Biosense Webster, part of Johnson & Johnson MedTech, has gained CE mark approval for its Varipulse pulsed field ablation (PFA) system, giving cardiologists in Europe a new treatment option for atrial fibrillation (AFib).

This new approval represents the latest sign that PFA, which uses electric pulses to ablate cardiac tissue as opposed to extreme temperatures, is gaining significant momentum around the world.

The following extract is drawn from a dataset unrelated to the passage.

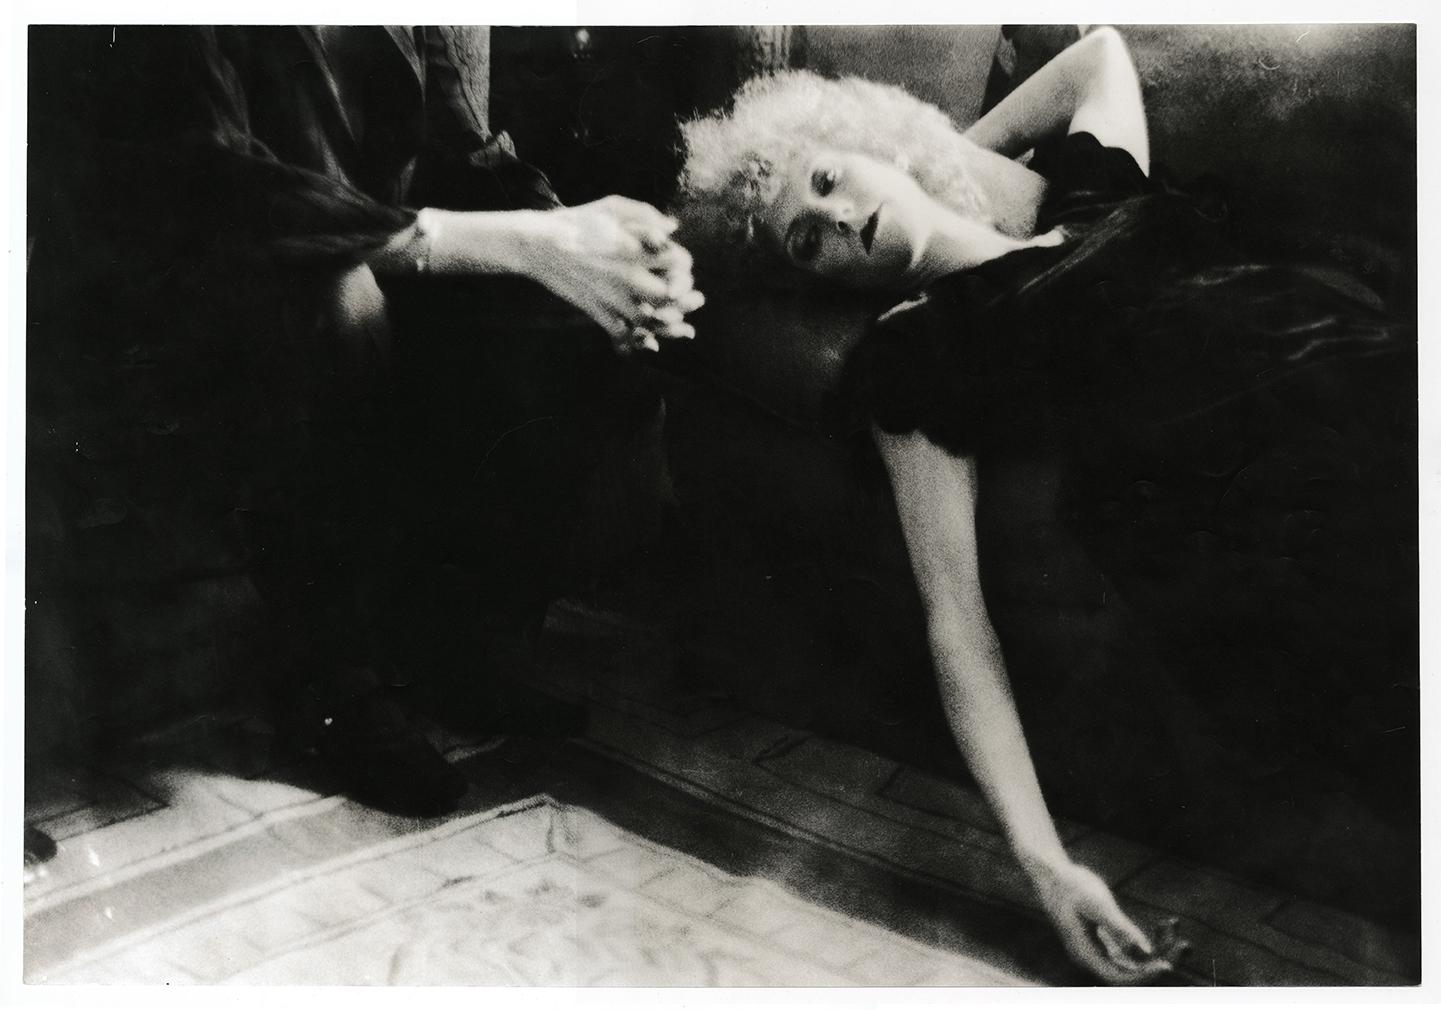 Untitled, 1976  | photograph by Deborah Turbeville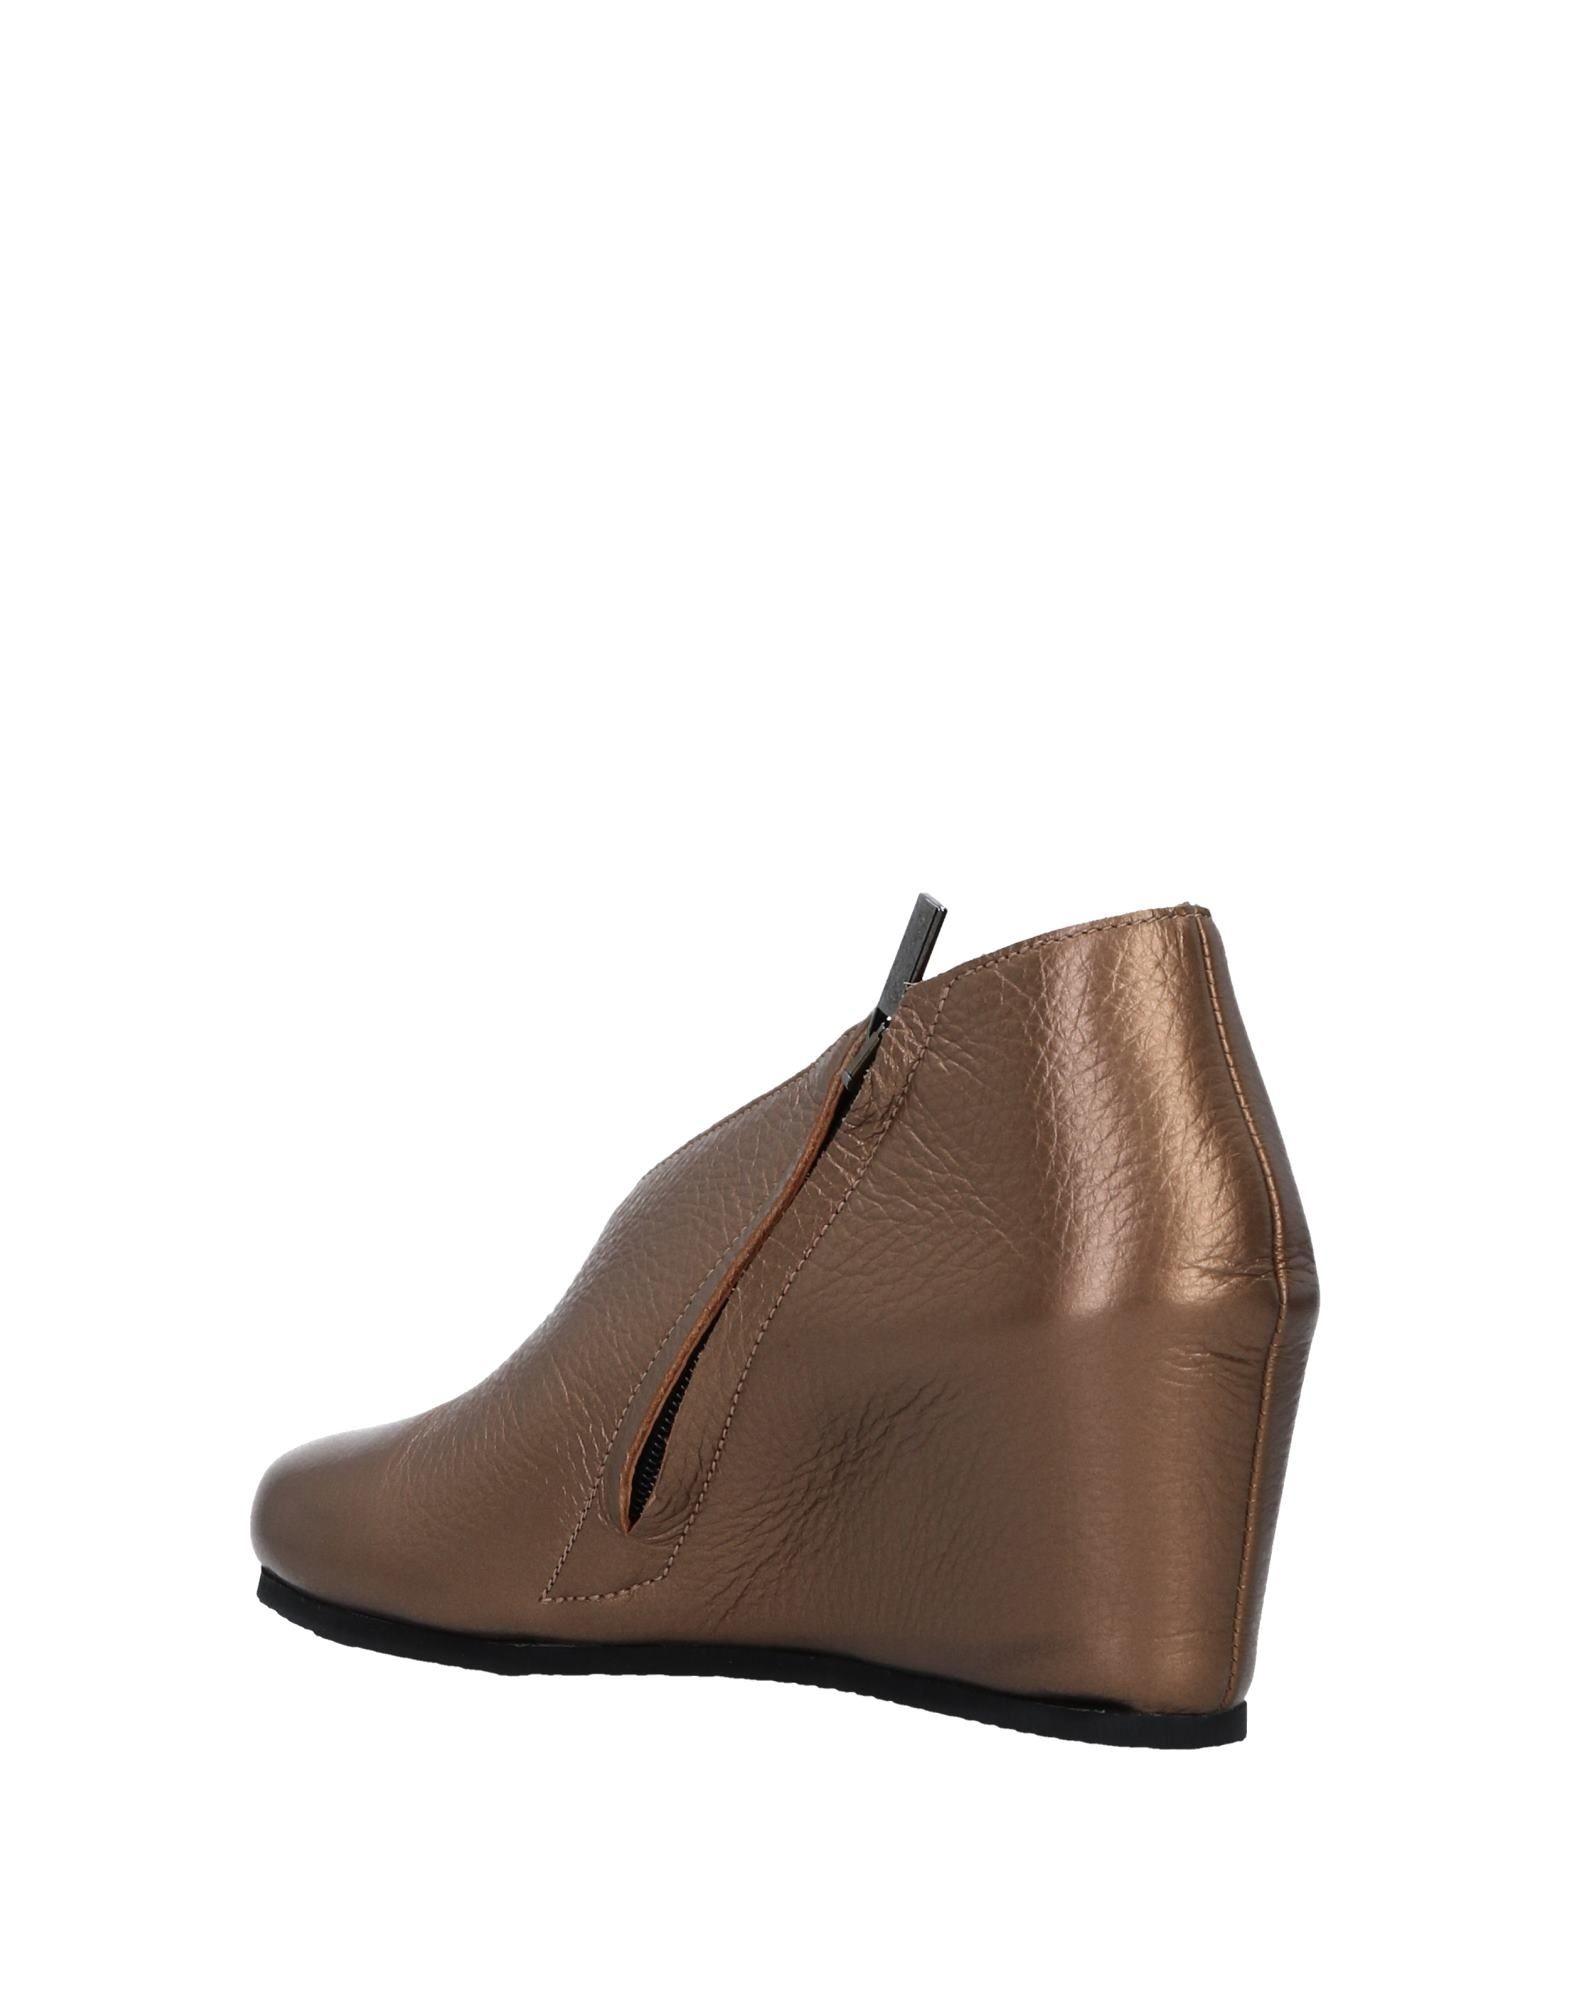 Rabatt Schuhe Peter 11527284BJ Non Stiefelette Damen  11527284BJ Peter f35506

In the United States, for example, Medtronic’s PulseSelect PFA system and Boston Scientific’s Farapulse PFA system both gained U.S. Food and Drug Administration (FDA) approval in recent months.

“We believe PFA has the potential to offer safer, more consistent and efficient workflows, and the Varipulse platform uniquely offers physicians a simple and reproducible PFA workflow with 3D visualization, in real-time,” Biosense Webster President Jasmina Brooks said in a statement.

“CE mark approval of the Varipulse Platform represents a significant advance in catheter ablation technology, allowing electrophysiologists to offer patients in Europe PFA treatment with real-time integrated 3D mapping,” added Tom De Potter, MD, associate director of the Cardiovascular Center at OLV Hospital Aalst in Belgium. “Significantly, the Varipulse Platform is fully integrated with the Carto 3 System, enabling a simplified workflow with minimal fluoroscopy time. Most importantly, the recent published data on the Varipulse Platform demonstrates the safety using PFA for patients being treated for AFib.”